Ranked by assets alone, says Hammond, the magnitude of bankruptcies this year has already surpassed that of 2008. And that’s not including what could happen when the government’s Paycheck Protection Program, which aims to keep small businesses up and running with loans that can be converted to grants if certain terms are met, runs out.
The largest Chapter 11 bankruptcy so far has been that of car-rental company Hertz. Unable to hold on after the travel industry effectively hit the brakes, the company is now selling off much of its fleet in a bid to meet demands from creditors. Others in sectors ranging from oil and gas, to retail, to aviation have similarly suffered in navigating the pandemic.
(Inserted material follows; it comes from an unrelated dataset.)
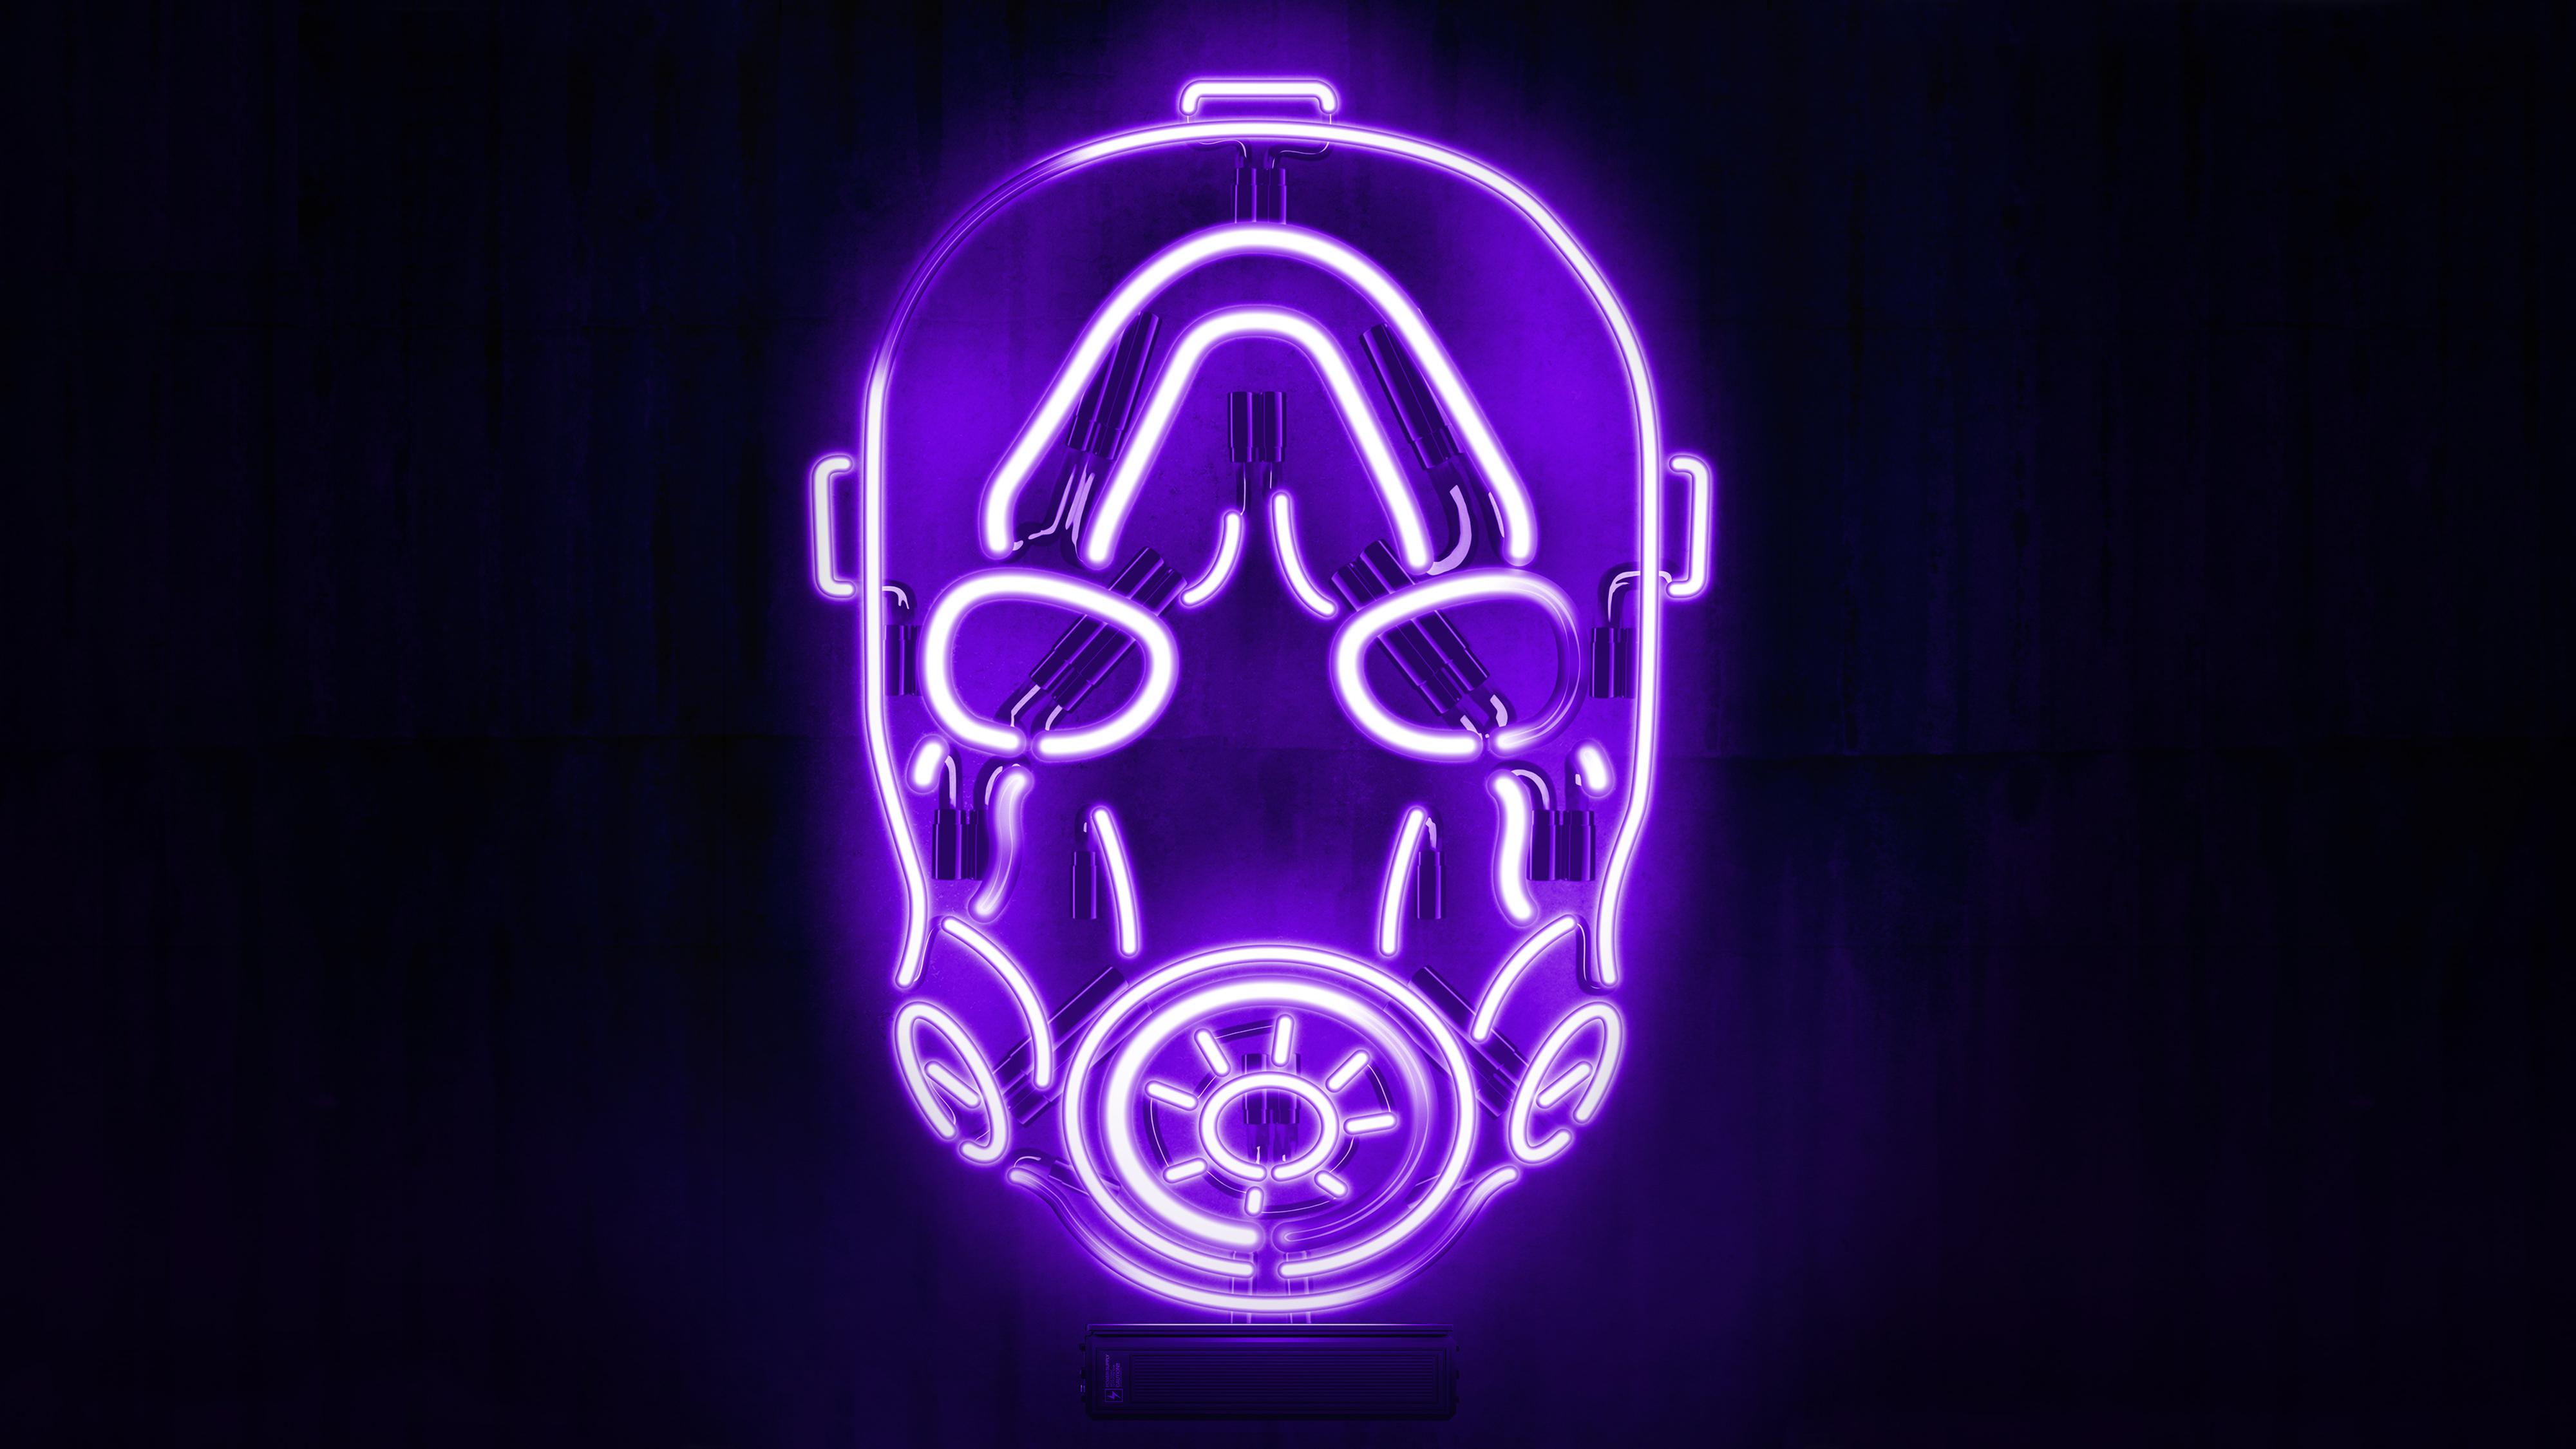 borderlands psycho mask neon black background 4000x2250 492

Editor’s note: Chesapeake Energy, an oil and gas company, filed for bankruptcy protection on Sunday. With assets of roughly $16.2 billion and liabilities of $11.8 billion, the filing represents the fourth-largest bankruptcy by assets so far in 2020, above that of Intelsat.
Notably, a Chapter 11 bankruptcy filing means a company is struggling, but doesn’t mean that it will cease operating.
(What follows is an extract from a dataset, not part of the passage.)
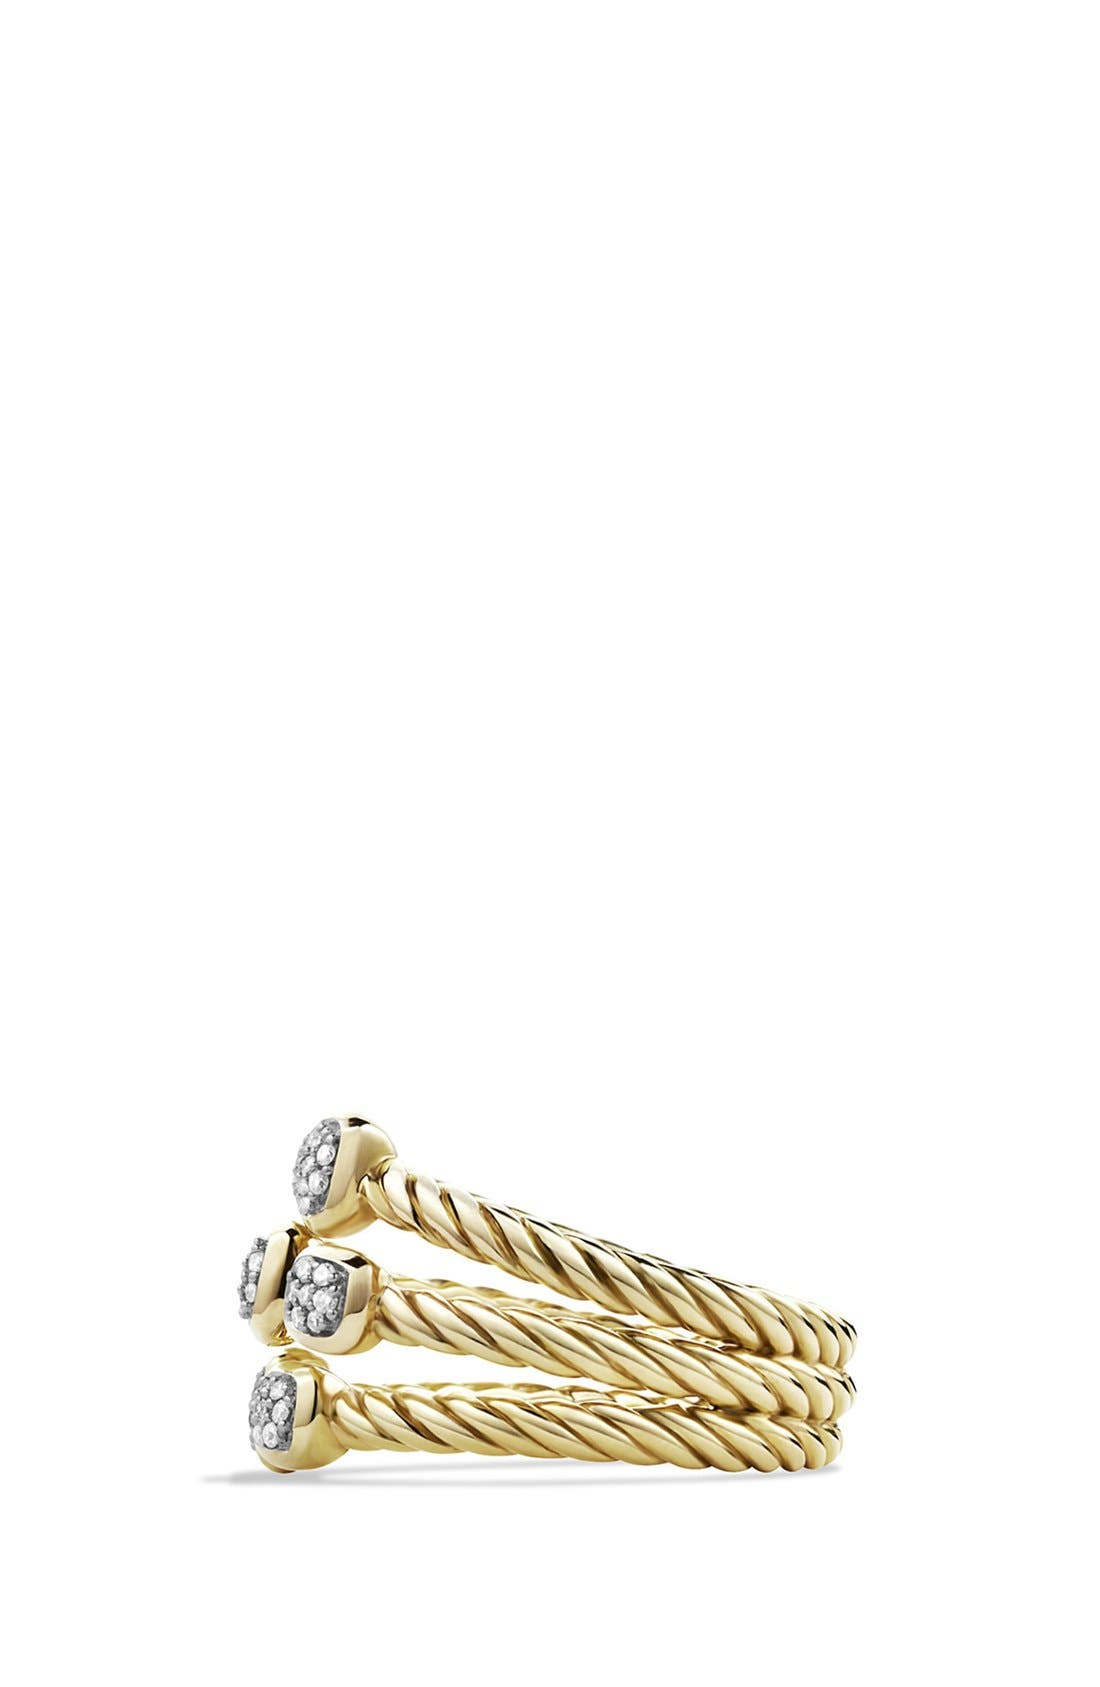 'Confetti' Ring with Diamonds in Gold,                             Alternate thumbnail 2, color,                             DIAMOND
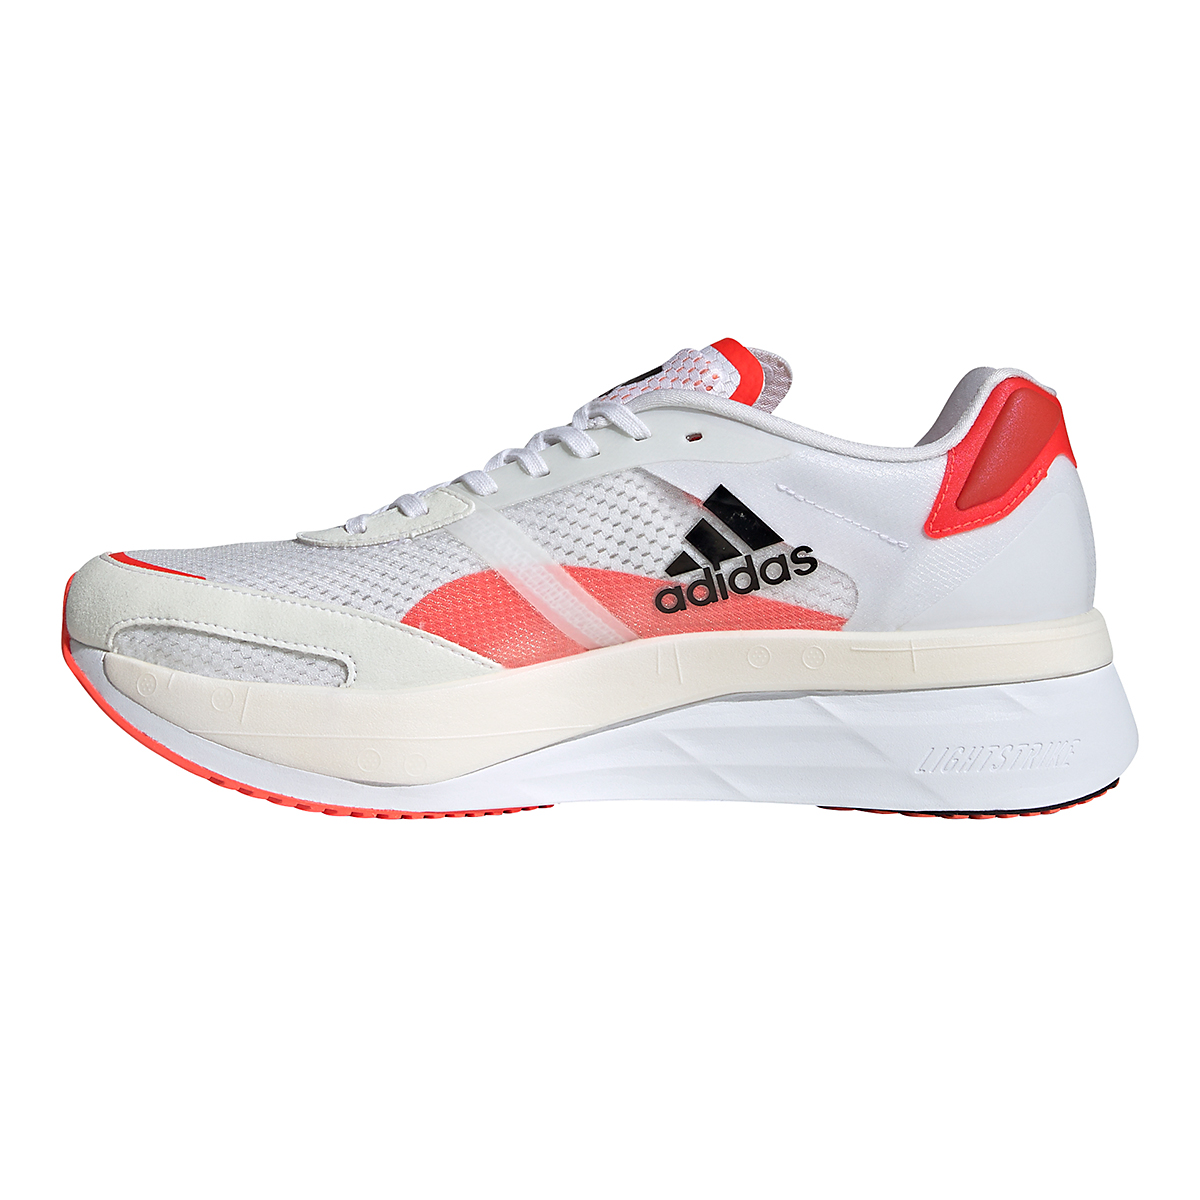 Men's Adidas Adizero Boston 10 Running Shoe - Color: Black/White/Solar Red - Size: 7 - Width: Regular, Black/White/Solar Red, large, image 2

“You have an enormous pile of corporate debt that has been accumulating, which the debt and restructuring world had been concerned about for a couple of years. And all of a sudden, in the space of almost no time at all, investors are asking questions about the ability to service debt,” says Hammond. “[From] 2008 to 2009 was a financial crisis. This is now everywhere.”
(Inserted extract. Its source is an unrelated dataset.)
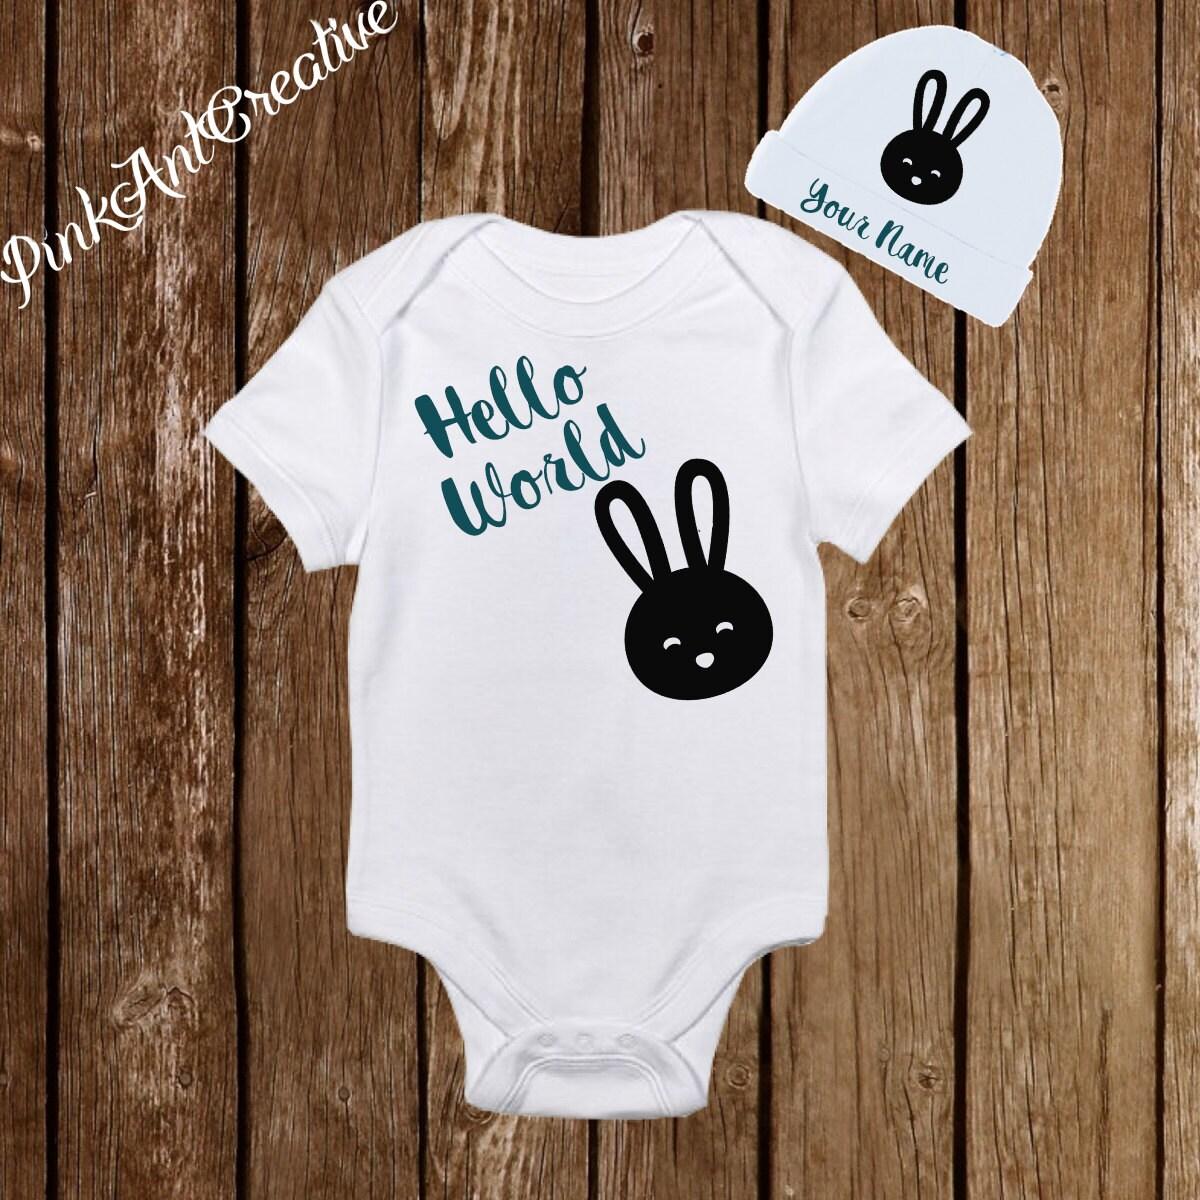 9f2d18e6126d Baby Boys  Clothing

By sheer number of bankruptcies, restaurants have been the hardest hit, per rankings from BankruptcyData. Recently, CEC, the company behind restaurant and entertainment venue, Chuck E. Cheese, closed down locations and filed for bankruptcy protection as the coronavirus shuttered restaurants and challenged live-events companies.
Even as the U.S. reopens, Hammond is not optimistic. Bankruptcy filings, he notes, are a lagging indicator. Now, he says, “we are at the waterfall.”